**Items listed in a dataset**
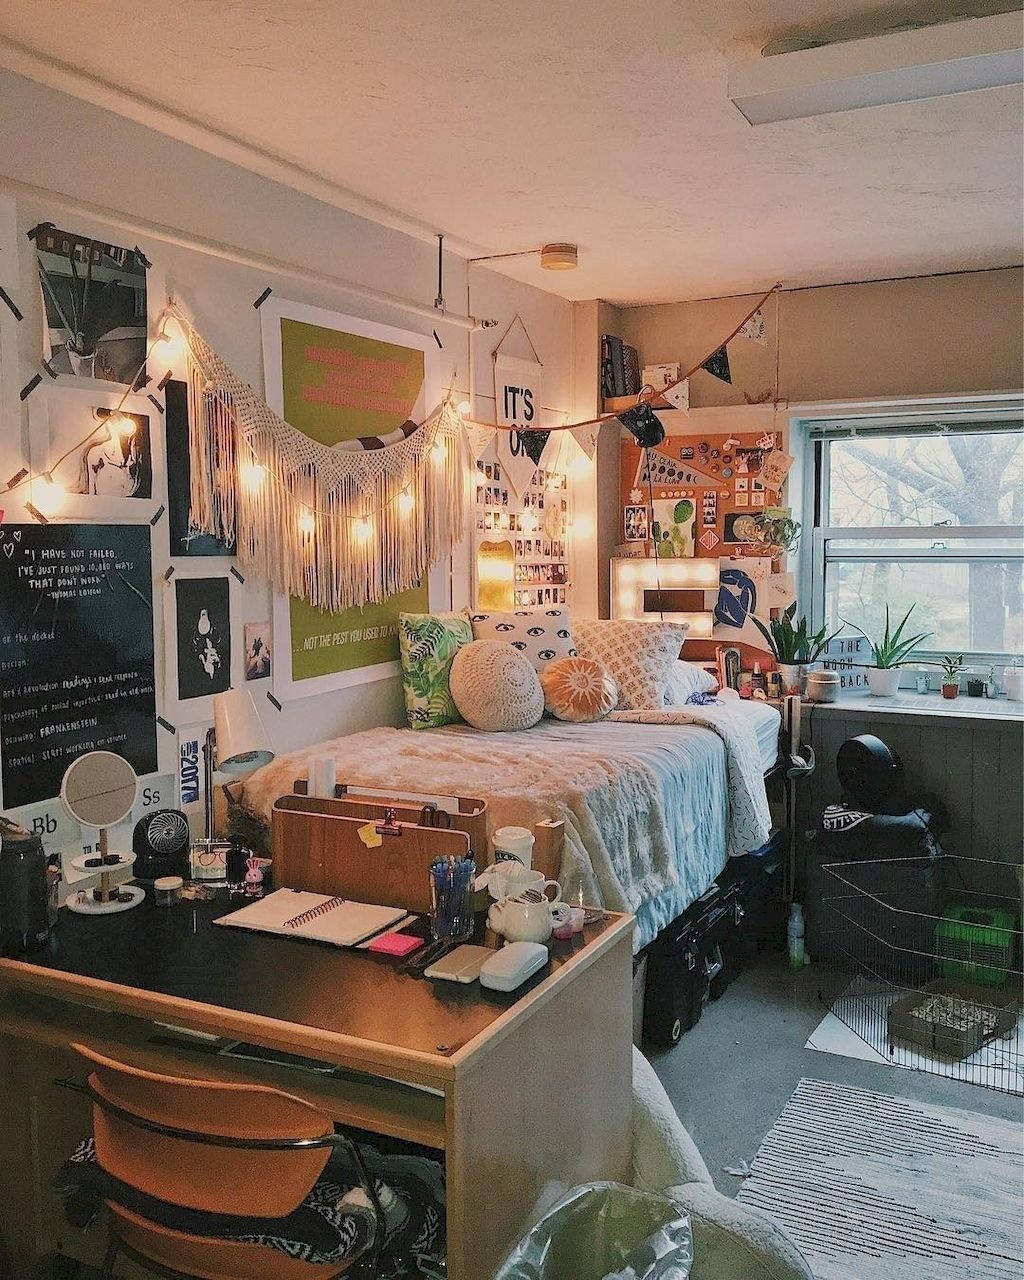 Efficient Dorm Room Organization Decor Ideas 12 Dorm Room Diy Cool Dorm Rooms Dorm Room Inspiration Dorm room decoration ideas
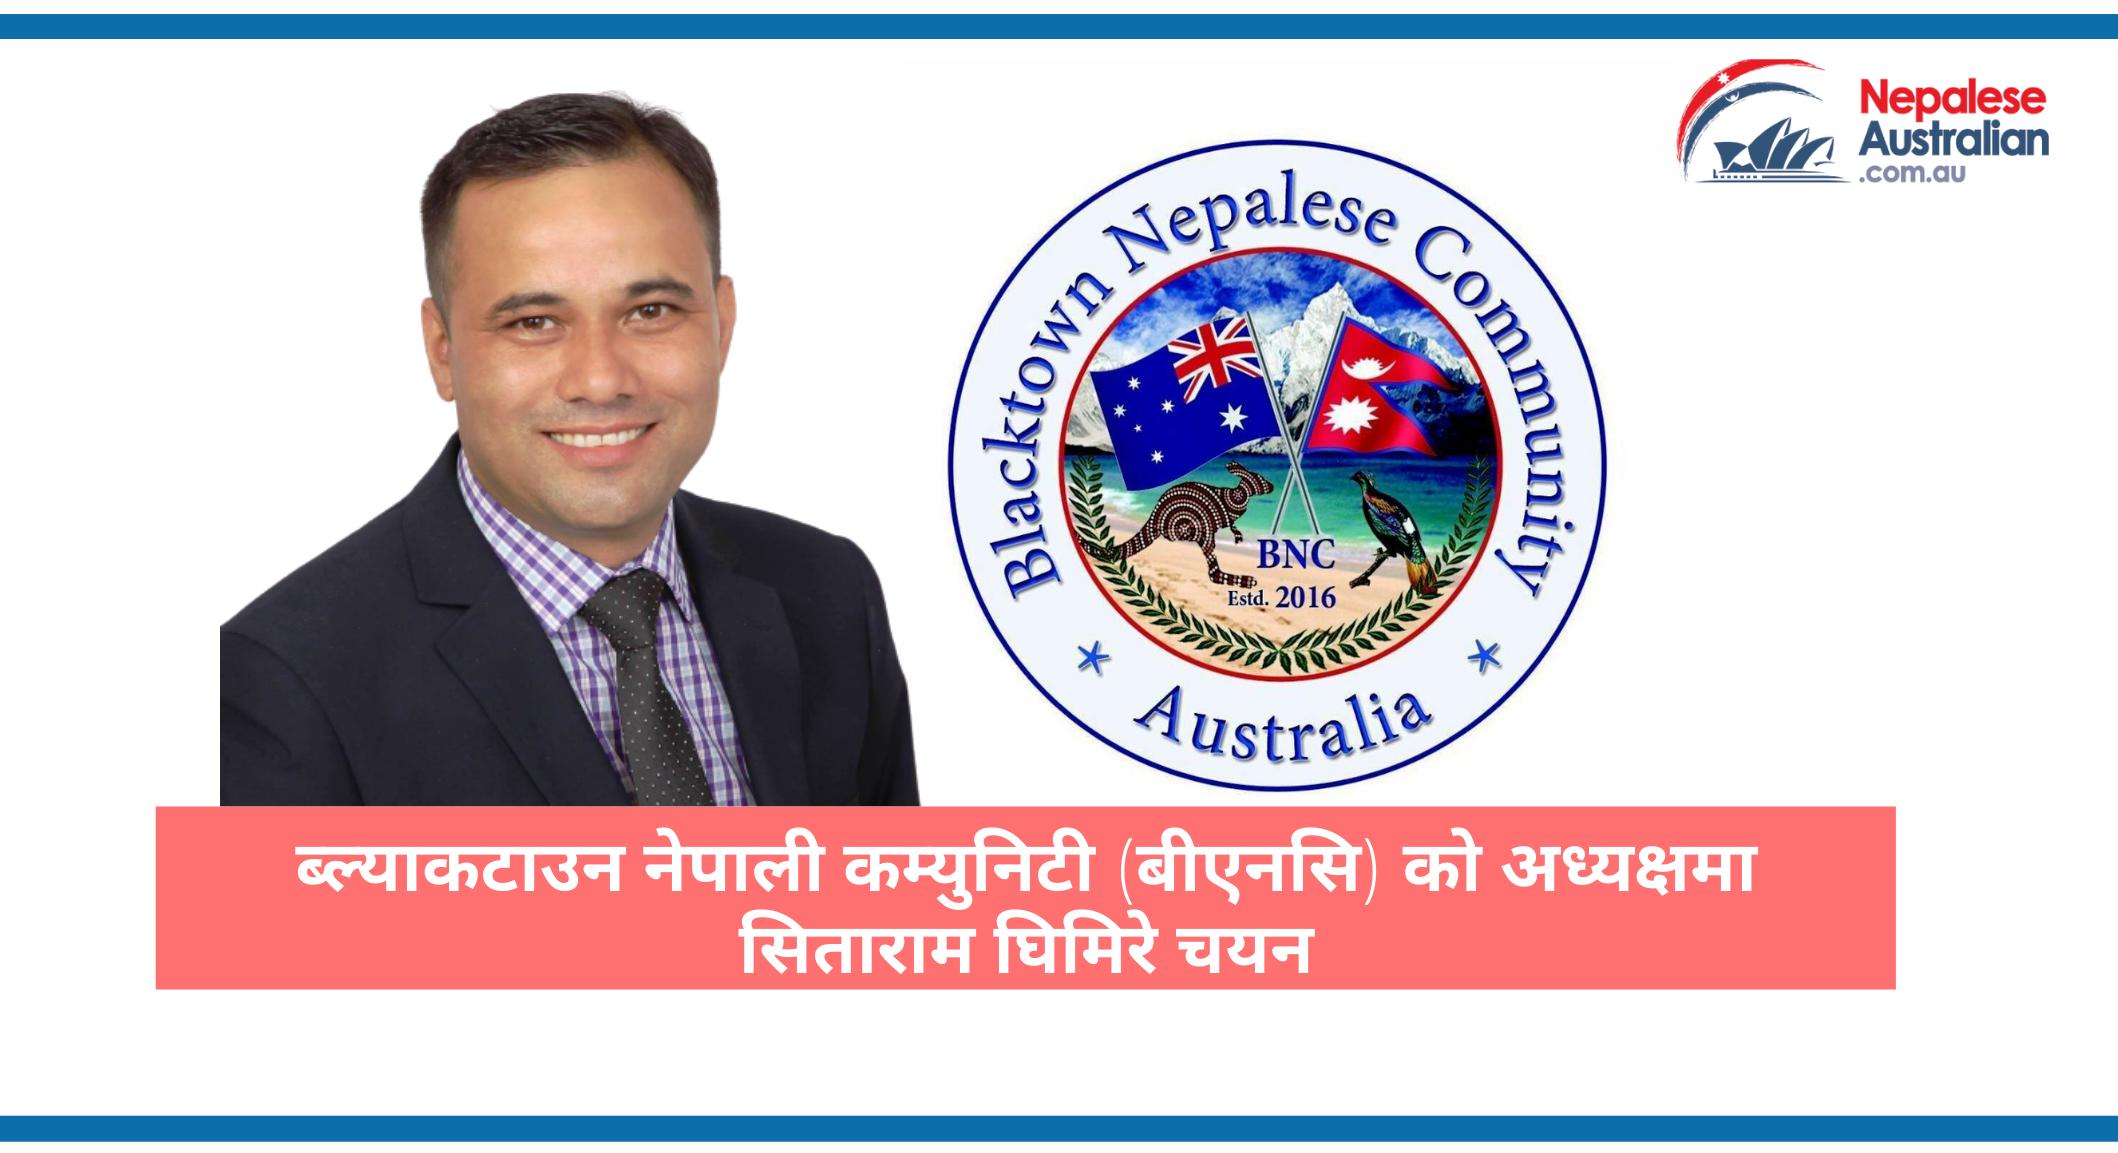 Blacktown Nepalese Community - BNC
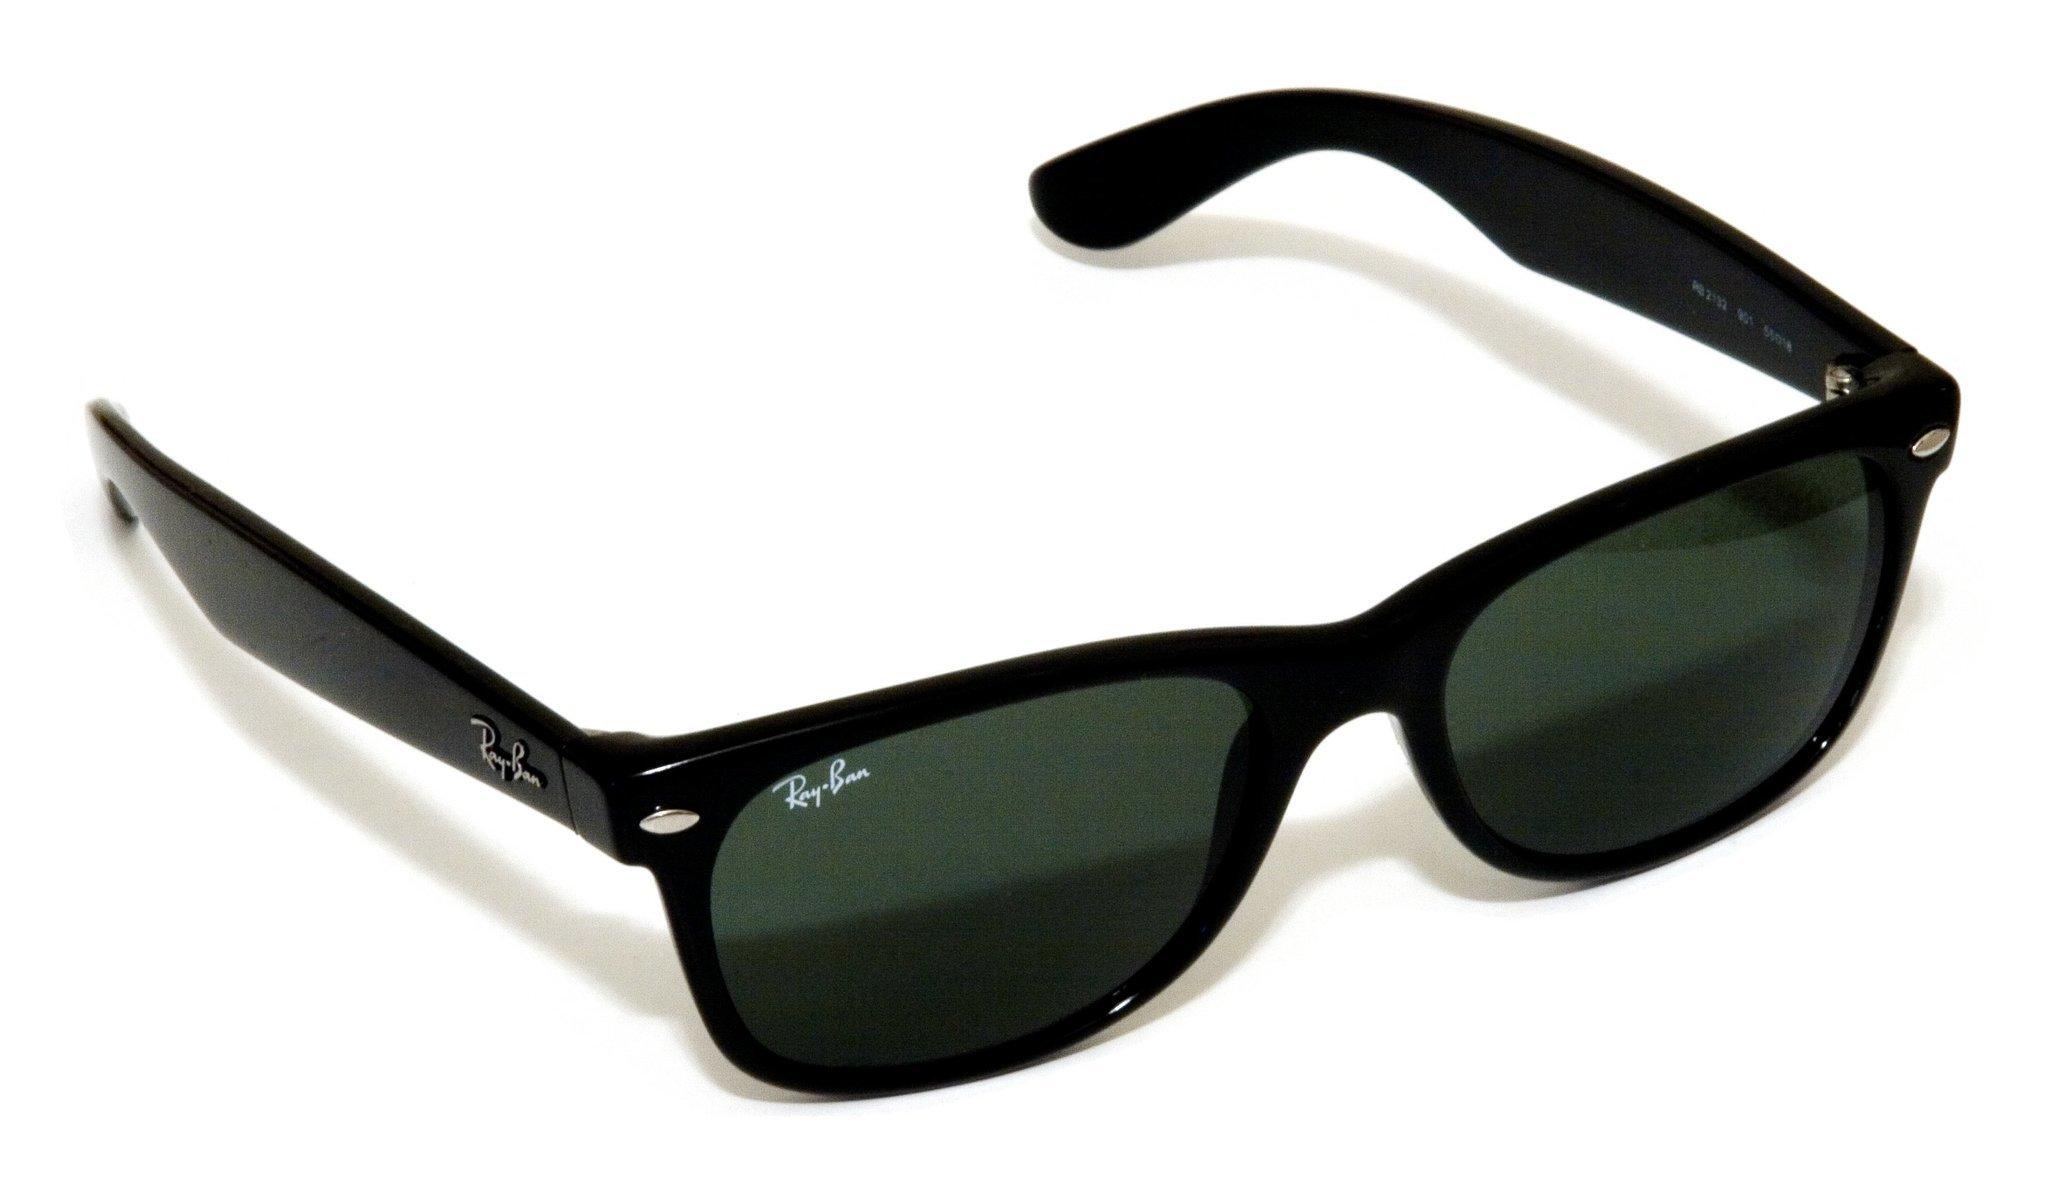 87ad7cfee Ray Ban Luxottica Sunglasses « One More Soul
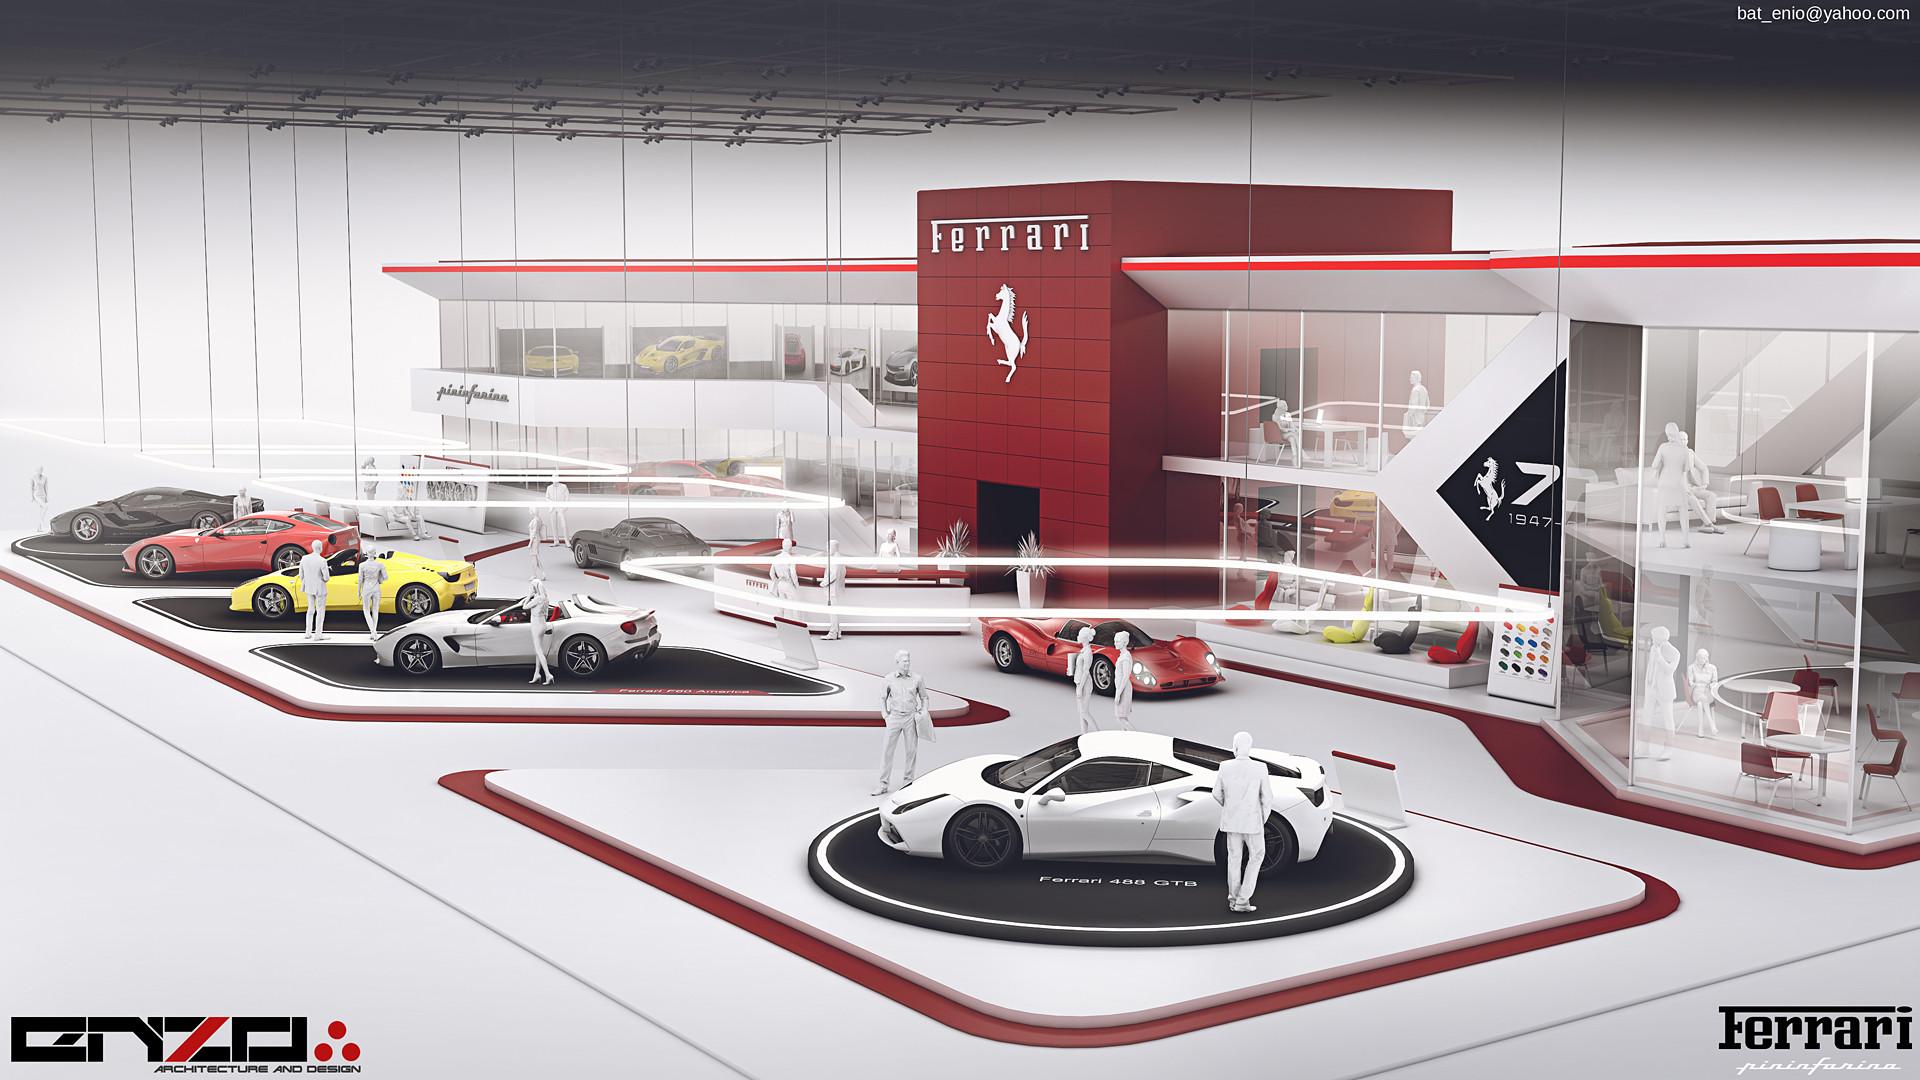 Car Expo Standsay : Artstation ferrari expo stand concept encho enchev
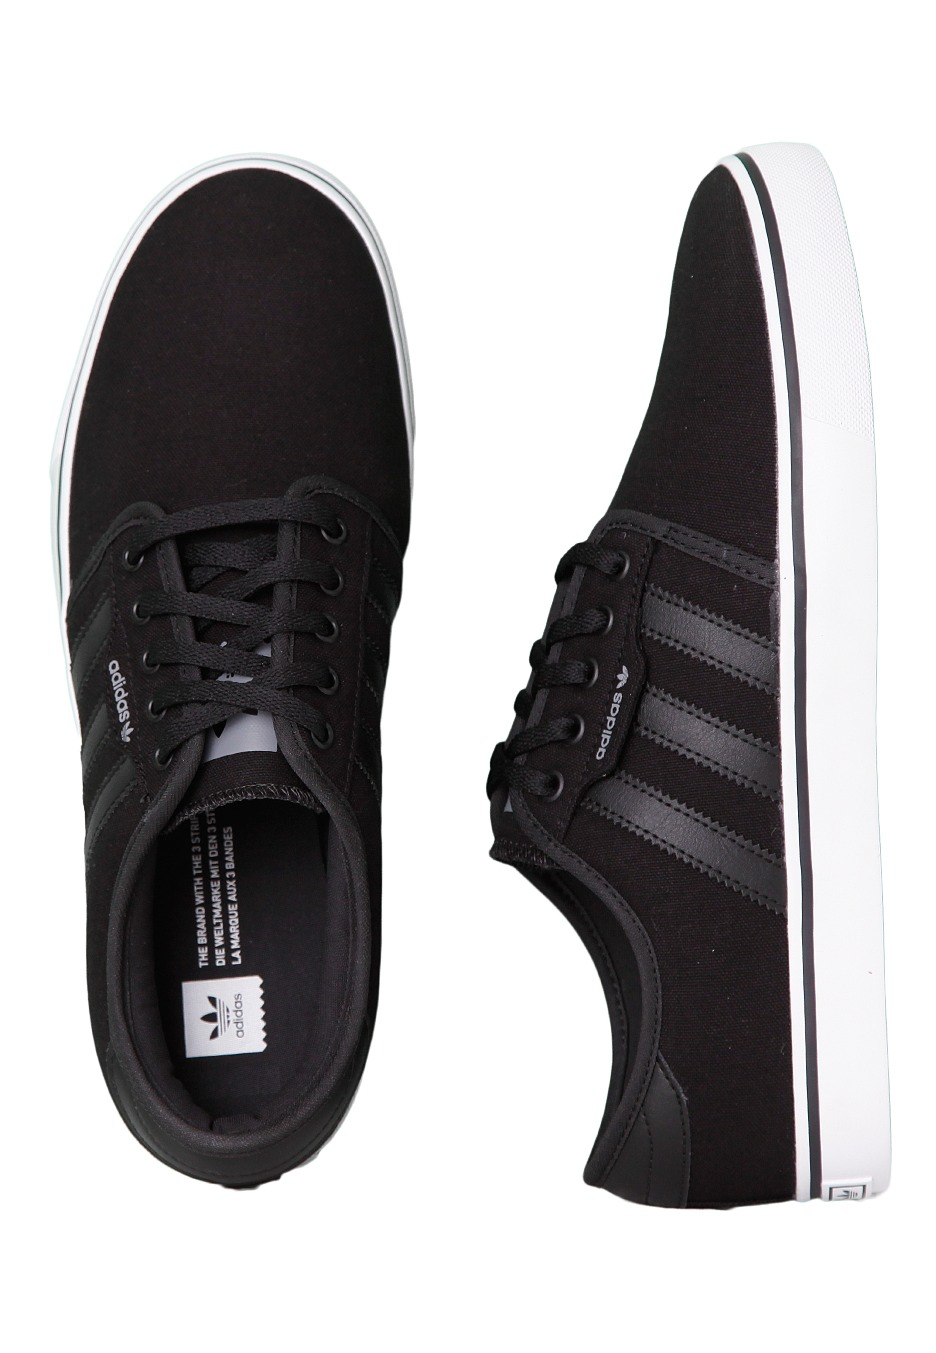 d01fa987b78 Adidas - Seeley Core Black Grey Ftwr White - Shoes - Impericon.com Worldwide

**Exercise prompt**
Omit every picture while transcribing the records above exactly.

**Output**
 Efficient Dorm Room Organization Decor Ideas 12 Dorm Room Diy Cool Dorm Rooms Dorm Room Inspiration Dorm room decoration ideas
 Blacktown Nepalese Community - BNC
 87ad7cfee Ray Ban Luxottica Sunglasses « One More Soul
 Car Expo Standsay : Artstation ferrari expo stand concept encho enchev
 d01fa987b78 Adidas - Seeley Core Black Grey Ftwr White - Shoes - Impericon.com Worldwide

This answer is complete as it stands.